Stop a dissolve halfway, and you get superimposition. Dissolve with black (or occasionally white) and you get a Fade In or Fade Out. The second-oldest film transition type (dating at least as far back as Joan of Arc in 1900), after the Hard Cut.

In the earliest days, dissolves were done in-camera: expose the film while fading out the lights in one scene, wind it back, and shoot the second scene while raising the lights, producing a double-exposed shot. An analog editing bay does much the same job, by fading the light levels used to project the film onto the blank stock. In some films using this technique the colour and contrast shift before and after each dissolve, because the dissolved footage is a generation removed in quality.

In video, a dissolve is often called a "mix", because the analog circuitry required works almost exactly like that used in an audio mix, specifically a linear cross-fader. The signals are fed to the same output, but one falls in voltage as the other rises, so the waveform produced is the average of the two at any point.

Digital systems use math — specifically weighted averaging of each pixel with its counterpart — but they do everything with math.

A dissolve is often accompanied by a synchronized audio cross-fade, or a Split Edit. A dissolve is always used in Picture-Perfect Presentation and often Age Cut.

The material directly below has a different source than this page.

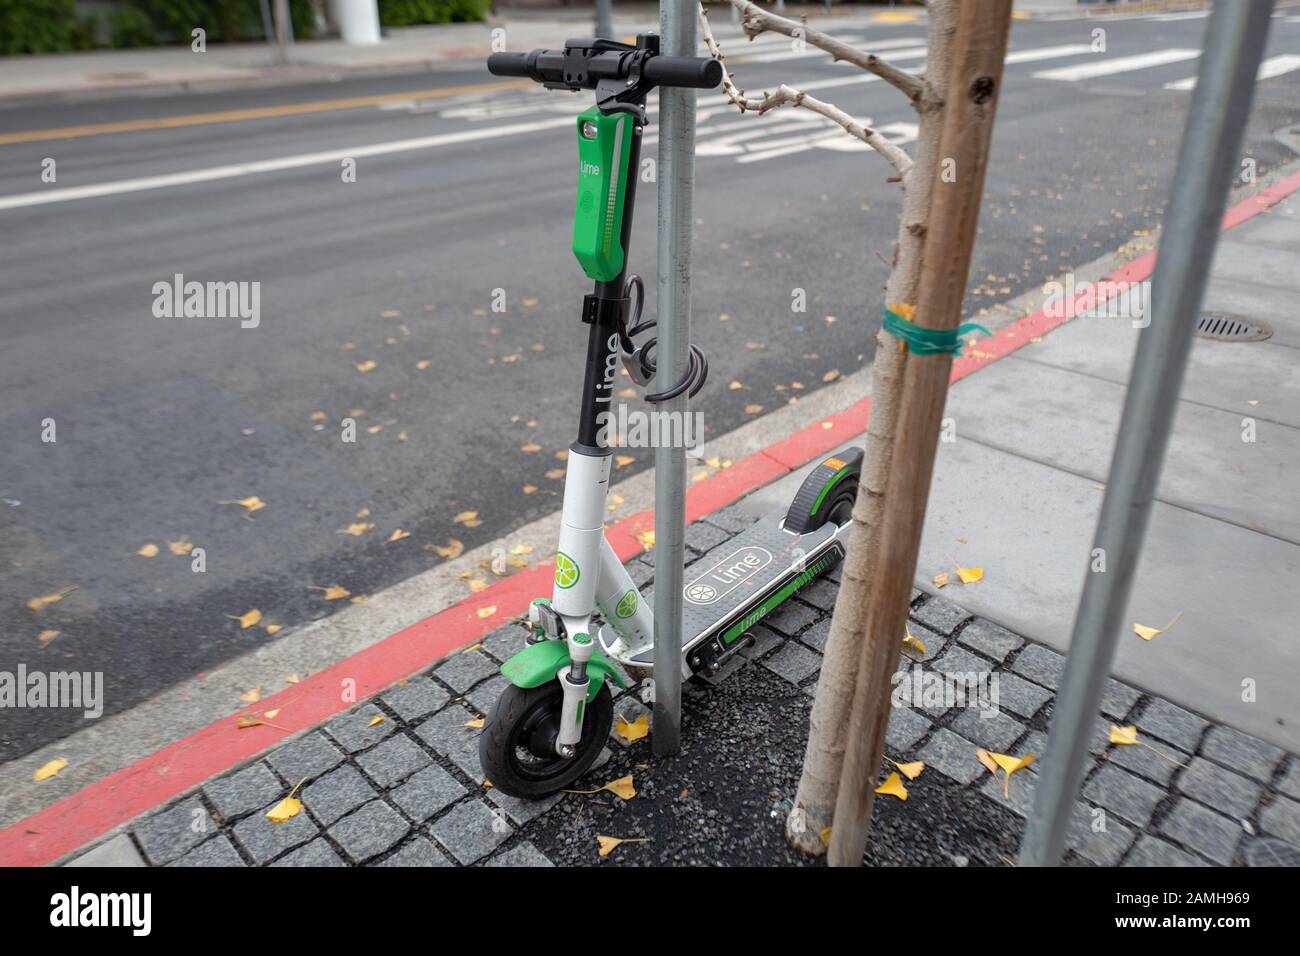 Scooter de micromovilidad de Lime más reciente en el barrio Mission Bay de San Francisco, Californiaa, 5 de diciembre de 2019. () Foto de stock
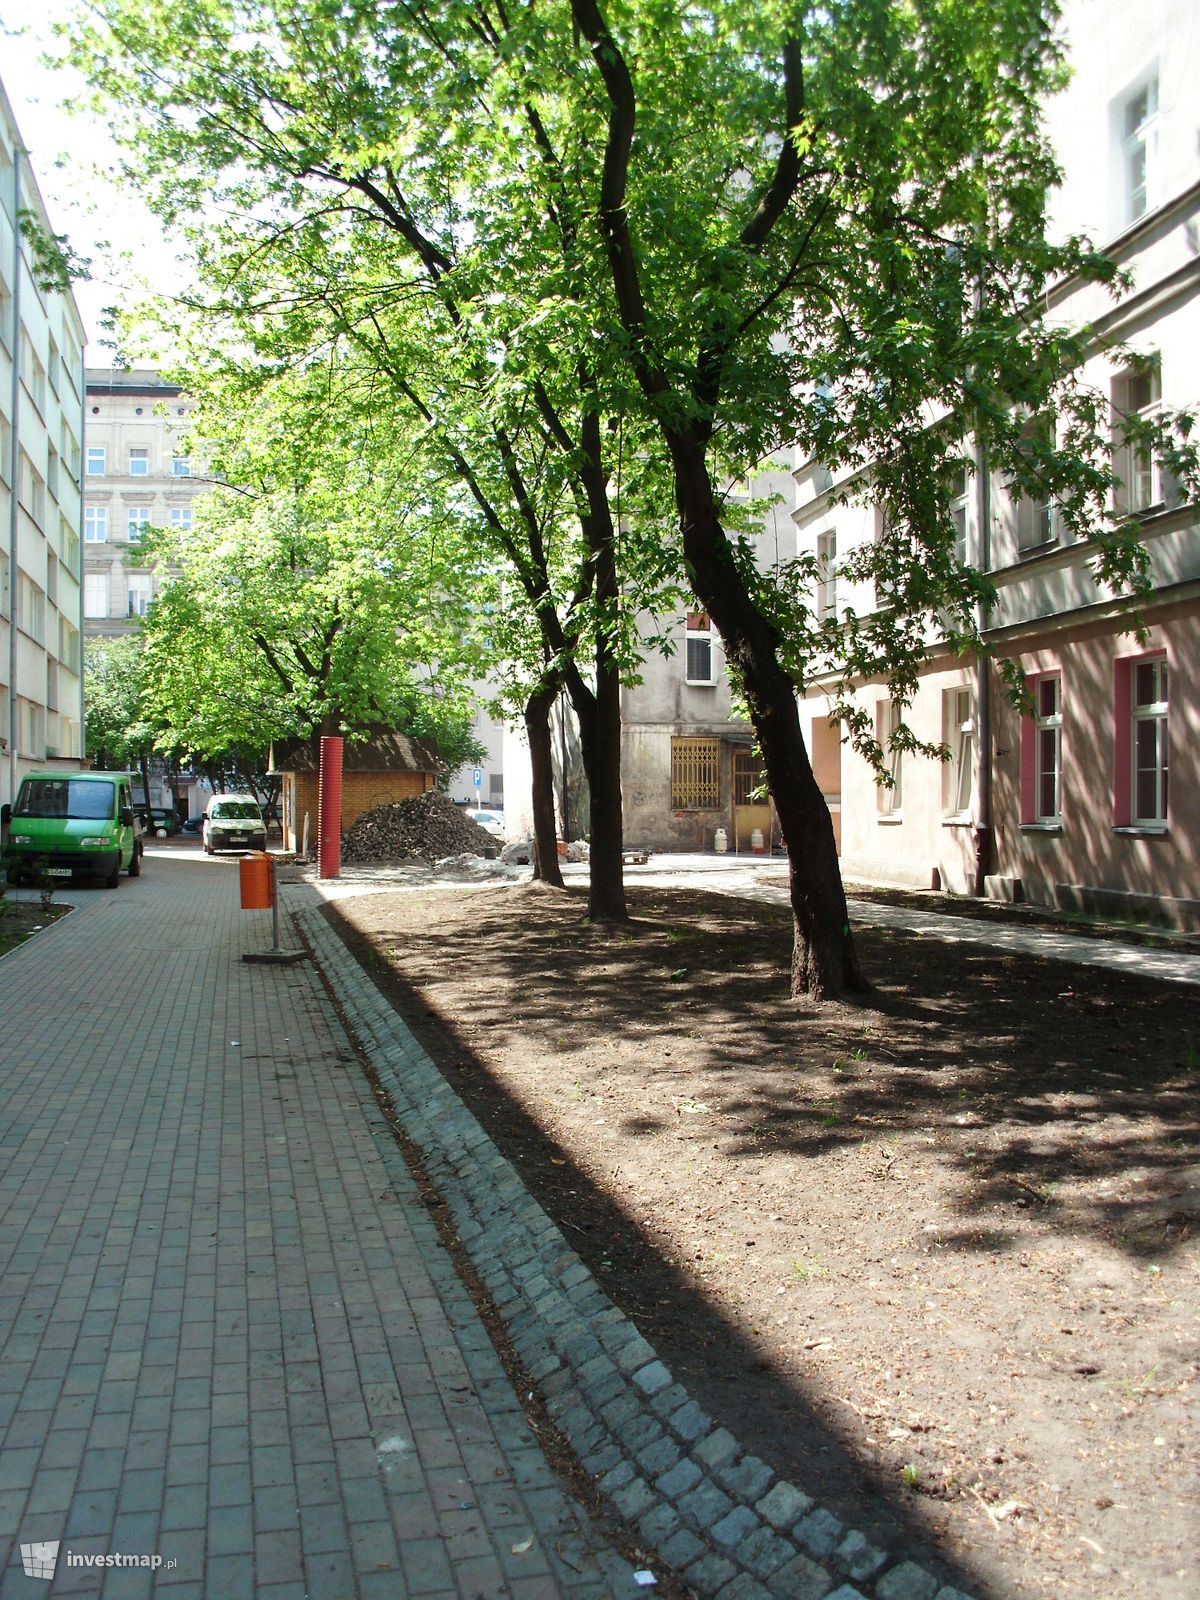 Zdjęcie [Wrocław] Rewitalizacja podwórka pomiędzy ulicami Brodatego/Chrobrego/Paulińska/Rydygiera fot. worldinmyeyes

The musical equivalent of this is Fading into the Next Song.


Examples:

    Live-action TV 
  • Des (2020): The second episode opens with a flashback showing Nilsen, at night, watching a fire (containing a Carpet-Rolled Corpse) in his Melrose Avenue garden. It then dissolves to the same garden, by daylight, after his arrest, with the police searching the scene.
  • Miss Marple (1984): "Sleeping Murder" uses a dissolve effect when it flashes back to events to 20 years before. Different stories take different approaches to flashbacks, if they're used at all, and this is the only time the series uses a dissolve in this way.